Given that individual’s environment, personal factors, and behavior have an impact on his or her perceptions about the self and what he or she can accomplish, self-efficacy can influence subsequent behavior (Bandura, 1997). As the samples in this study were taken from different countries, it was possible that the environmental and personal factors that shape the beliefs about personal agency in students would be different to an extent that affected the scalar invariance. In addition, owing to the different language used in the GSES to measure the German and Singaporean students, the results of this study may have been subjected to the effect of language translation in the scale items. However, the translated version of our English GSES scale was the most common and widely accepted version; thus, the possible issue of translation error should be minimal. In addition, the validity of the scale was supported by the meaningful nomological networks of the GSES with psychological well-being measures in both Western and Eastern countries (Scholz et al., 2002) although subtle cross-cultural differences in the meaning of general self-efficacy may exist, and these subtle differences may affect attainment of MI among items as well as scale validity. Finally, East Asians have shown distinct response styles, such as frequent use of moderate response anchors and higher acquiescence response styles (Chen, 2008). These response styles may not have affected metric invariance in the current study, but their combination may create unpredictable effects that hinder scalar invariance. Attainment of metric invariance supports the use of the GSES scale to examine cross-cultural correlational differences, but absence of scalar invariance implies the presence of bias in cross-cultural mean comparison with this scale.

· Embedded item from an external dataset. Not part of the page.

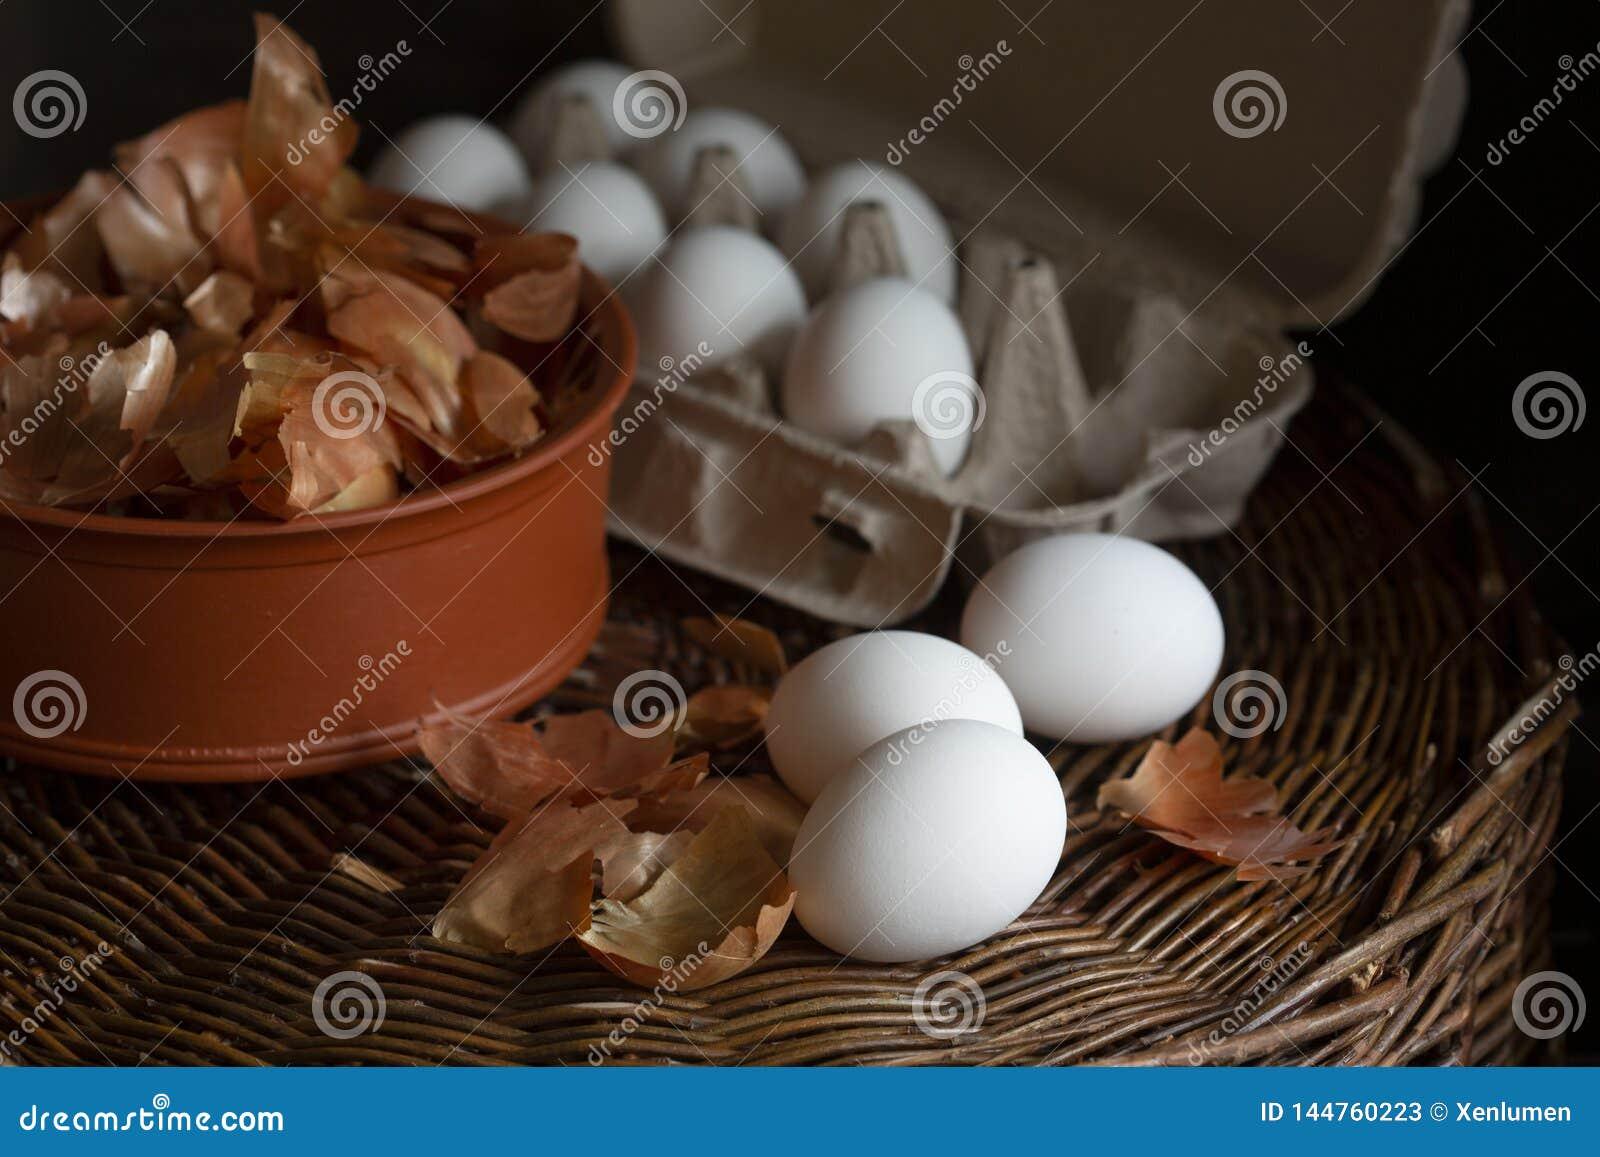 Oeufs blancs dans une boîte avec une peau jaune d oignon dans un plat sur un plateau en osier préparé pour colorer en colorant

Future research on the GSES may include additional validation involving participants across the spectrum of ages, including the very young and old. This would contribute to our understanding of self-efficacy in terms of its stability and progression through the life span. Given that the internal consistency for GSES was found to be higher in SG as compared with GE, future studies should examine the role of response styles, such as frequent use of moderate response anchors among East Asians, as well as other factors that affect examination of cross-cultural mean difference. Invariance testing should also be continued to establish validity across cultures, languages, and educational systems. Finally, the concurrent and nomological validity of the GSES could be examined to support its currency and relevance in psychological and educational research.
Footnotes
Declaration of Conflicting Interests
The author(s) declared no potential conflicts of interest with respect to the research, authorship, and/or publication of this article.
Funding
The author(s) received no financial support for the research, authorship, and/or publication of this article.